_DESCRIPTION OF THE TASK:_
Beginning at the line that contains "De Sodoma A", reproduce the entries below exactly, ending with the line that contains "Passageiros na fila". Omit each picture.

_EXTRACTED MATERIAL:_

# # # # #

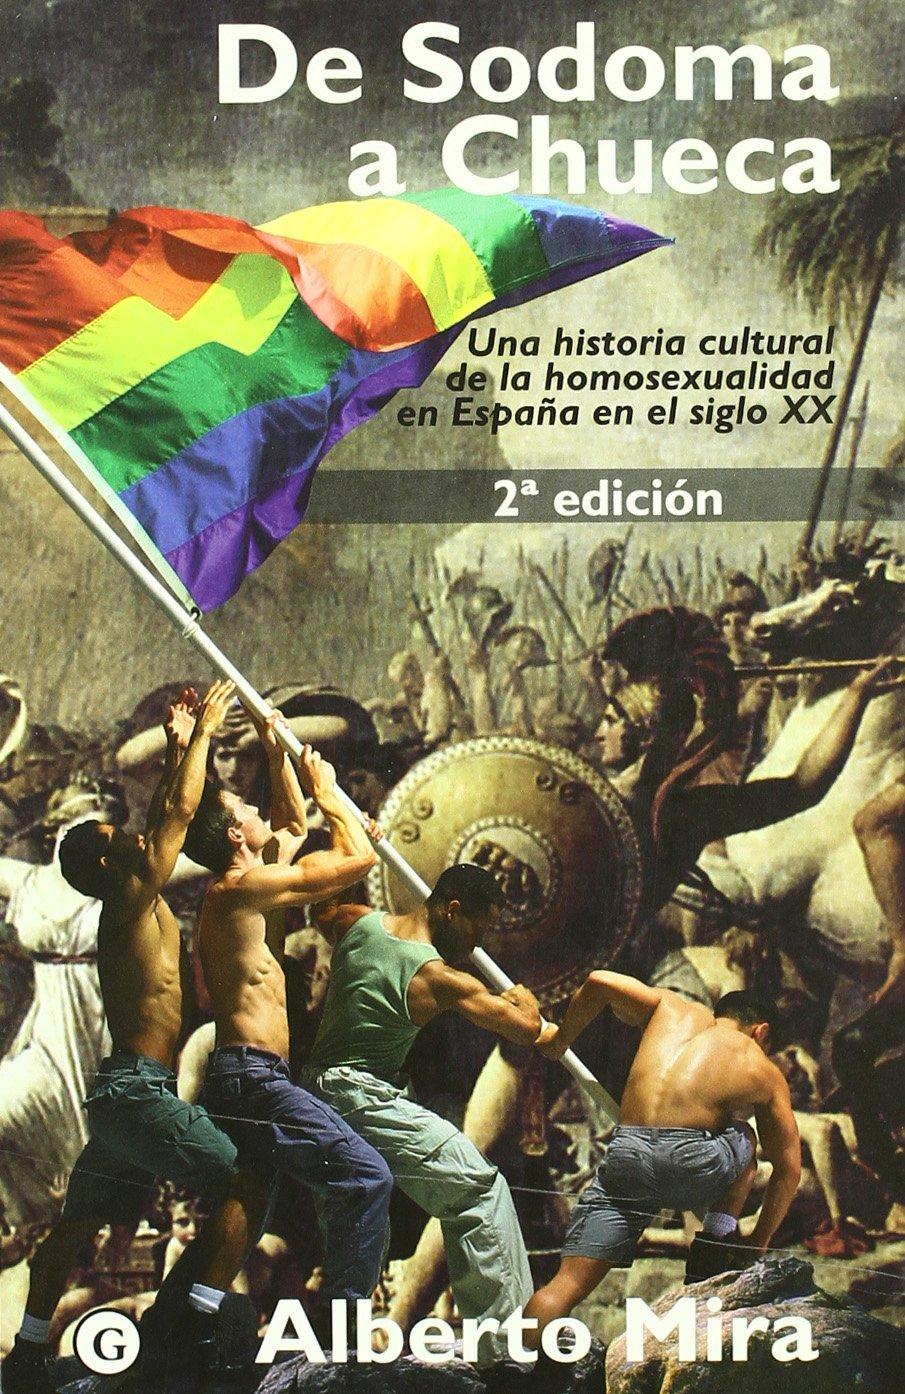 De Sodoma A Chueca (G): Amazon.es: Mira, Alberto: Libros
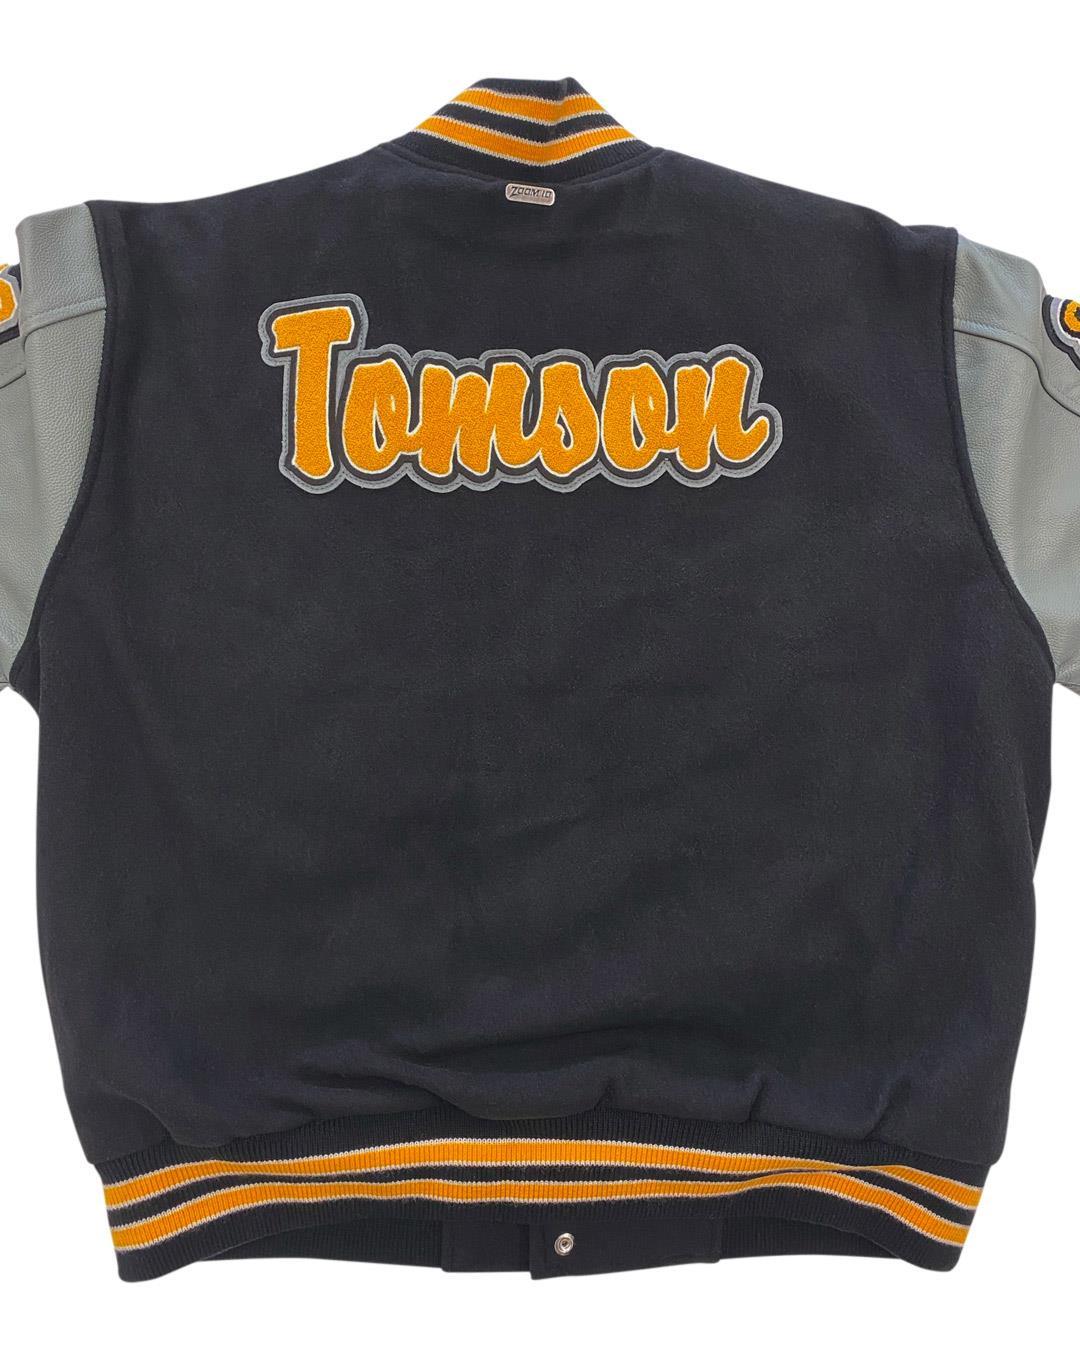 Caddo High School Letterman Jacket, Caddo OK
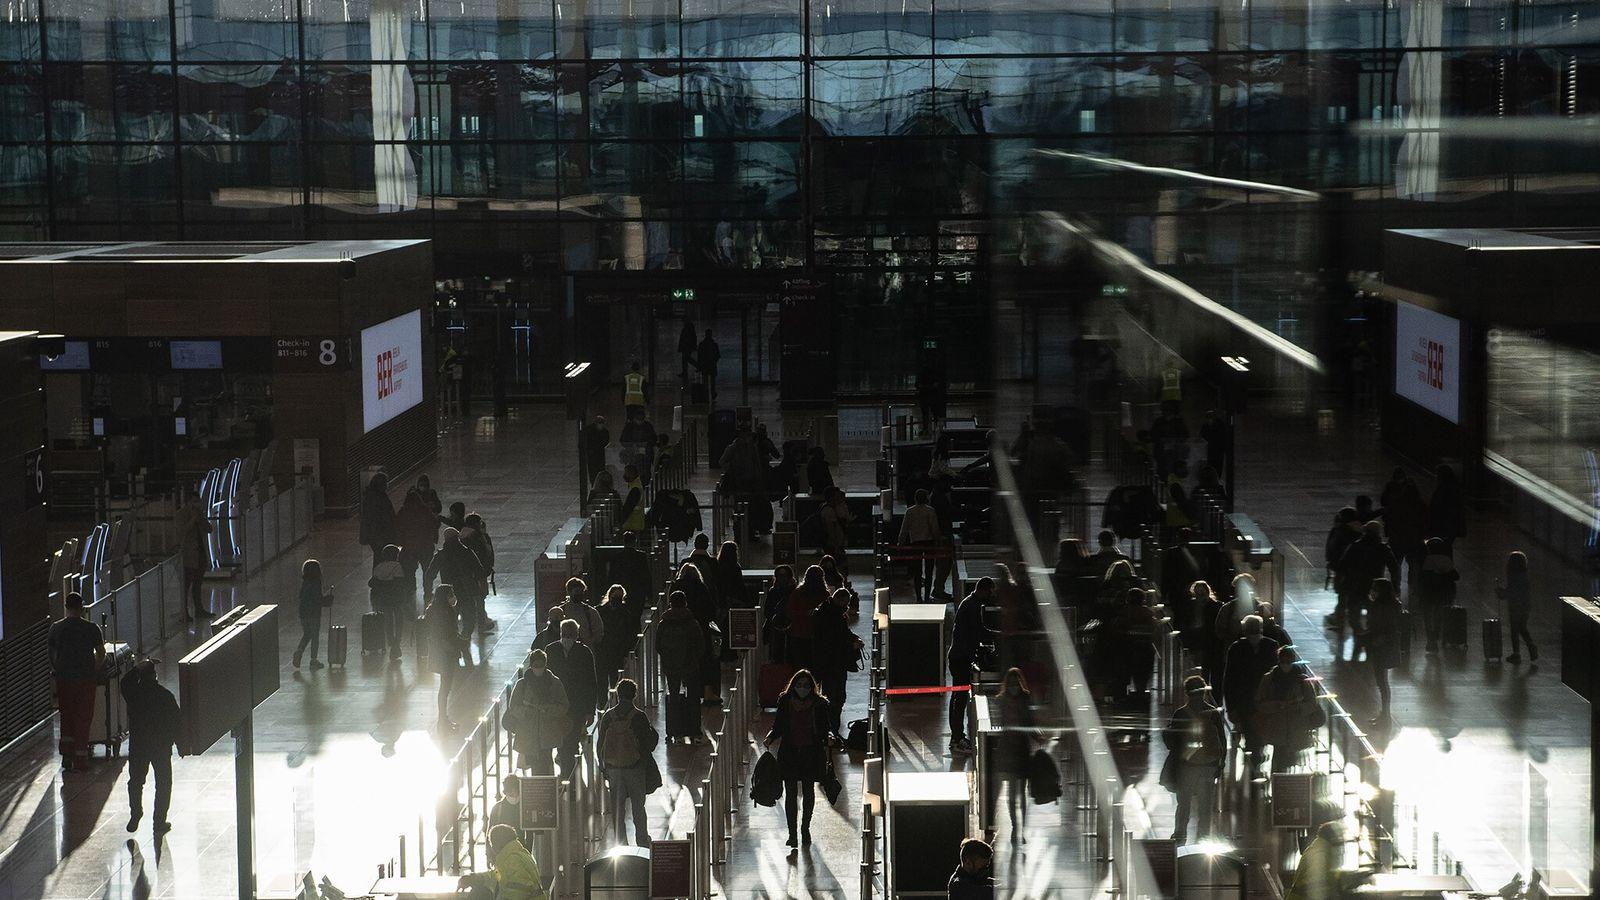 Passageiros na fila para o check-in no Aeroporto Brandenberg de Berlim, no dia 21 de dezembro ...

# # # # #

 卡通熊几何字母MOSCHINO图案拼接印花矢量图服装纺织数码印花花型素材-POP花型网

# # # # #

_RESULT:_
 De Sodoma A Chueca (G): Amazon.es: Mira, Alberto: Libros
 Caddo High School Letterman Jacket, Caddo OK
 Passageiros na fila para o check-in no Aeroporto Brandenberg de Berlim, no dia 21 de dezembro ...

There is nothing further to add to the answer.